[Graduation design] multi-document automatic summary. Disaster-oriented events

Source: Internet
Author: User

What am I doing here?

As the name implies, multi-document automatic summarization, that is, the completion of multiple documents summary content extraction.

Here, our research object, single refers to disaster events.

Design Ideas

Before you complete a multi-document automatic summary, consider the following questions first:

    • What is the base unit for content extraction?
    • What can be called the important content?

basic Unit

For a document, we can split it into: the document itself, paragraph, sentence, Word, word.
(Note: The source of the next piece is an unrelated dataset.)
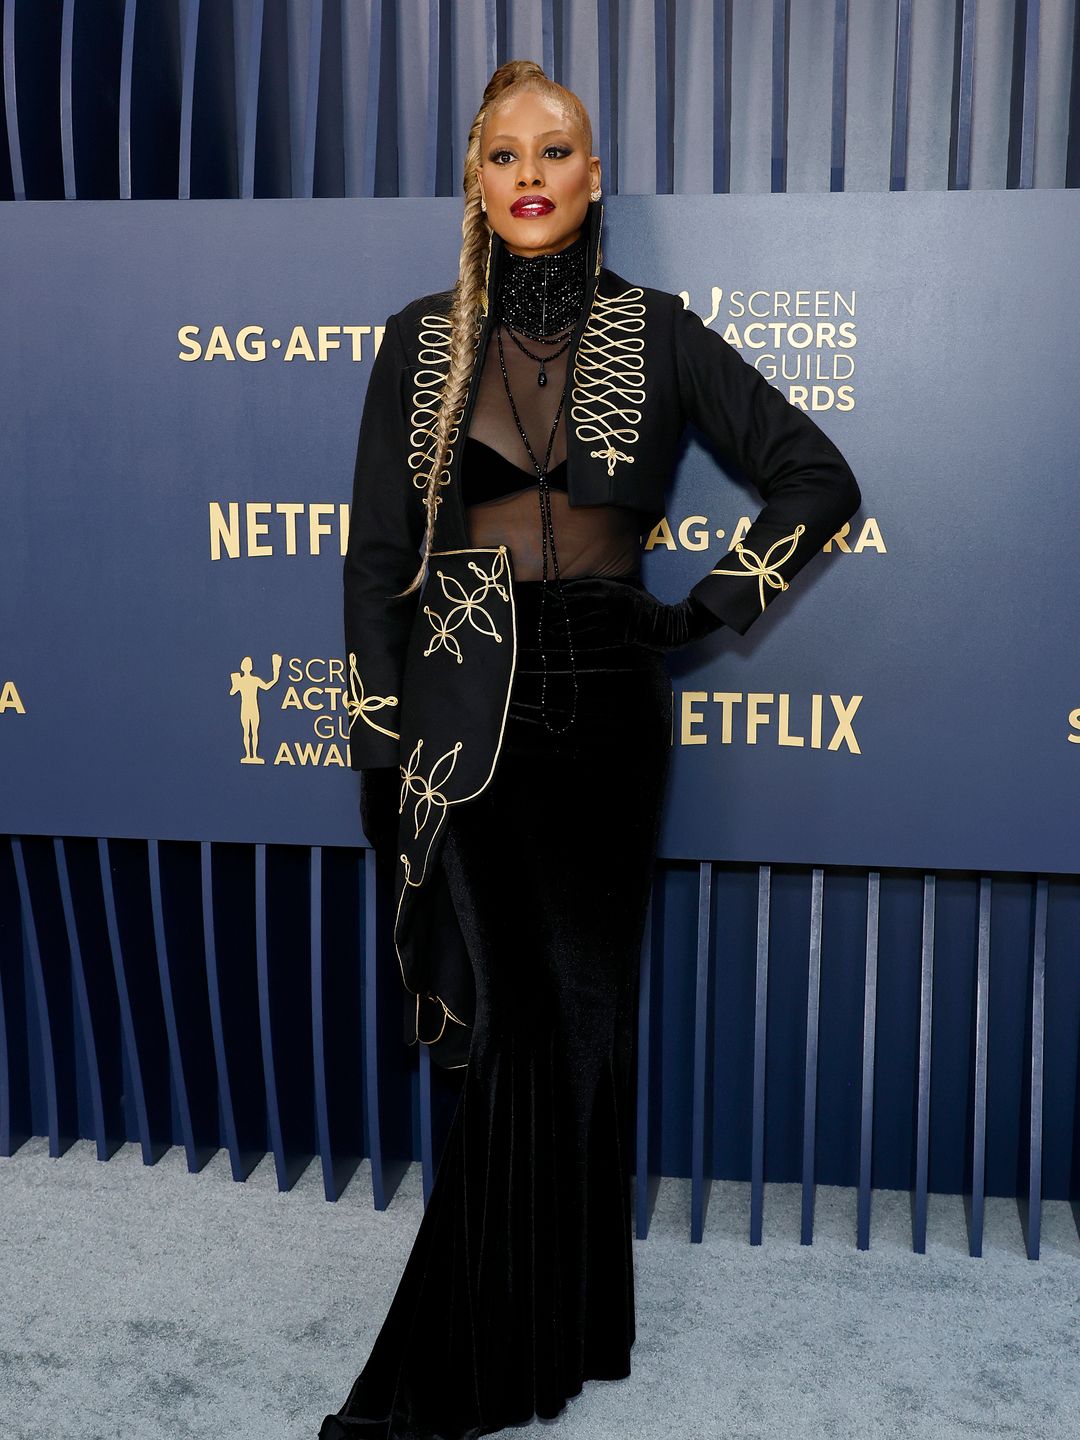 averne Cox attends the 30th Annual Screen Actors Guild Awards

    • First of all, the summary content will be a readable content, so we can not be "words", "word" as a unit, because it is clear that they can not express the full semantics.
    • Second, a document is a complete description of an event that contains many aspects of the content, and therefore cannot be in the document itself, it contains too much content, not atomic.
    • Third, in some cases, the paragraph describes the content of one aspect of an event, but we still have to consider that because the document comes from the web, in some cases a document has only one paragraph that describes too much content.

Conclusion:

The sentence is the basic unit, it expresses the complete semantics, only describes a specific content.

Clustering

An event is made up of multiple elements. For example, a news event: a plane crash. It will inevitably involve: on-site situation, property loss, casualties, rescue situation, post-processing and other aspects of the content. Therefore, we need to classify the basic unit. Unfortunately, we have no way of predicting how much content an event will consist of. So, here's an algorithm: clustering, for automatic categorization.

Important Content

Important content is very good understanding, a lot of documents are mentioned in the content, must be important content.

So we can think that a sentence, if it appears in large numbers, it must be an important content.

Design Conclusion
    1. Splits multiple documents into a collection of sentences.
    2. Sentence set clustering.
    3. Get the important class.
    4. For class combinations, get summaries (delete similar elements in a class and get important elements).

Implement

For the first step, you can get a collection of sentences from a collection of documents by doing a simple string splitting process. For the second step, the clustering algorithm is described in detail below. For the third step, the more elements a class contains, the more important it is to represent the class. For the fourth step, there are two questions to be solved, what are the similar elements, and what are the important elements.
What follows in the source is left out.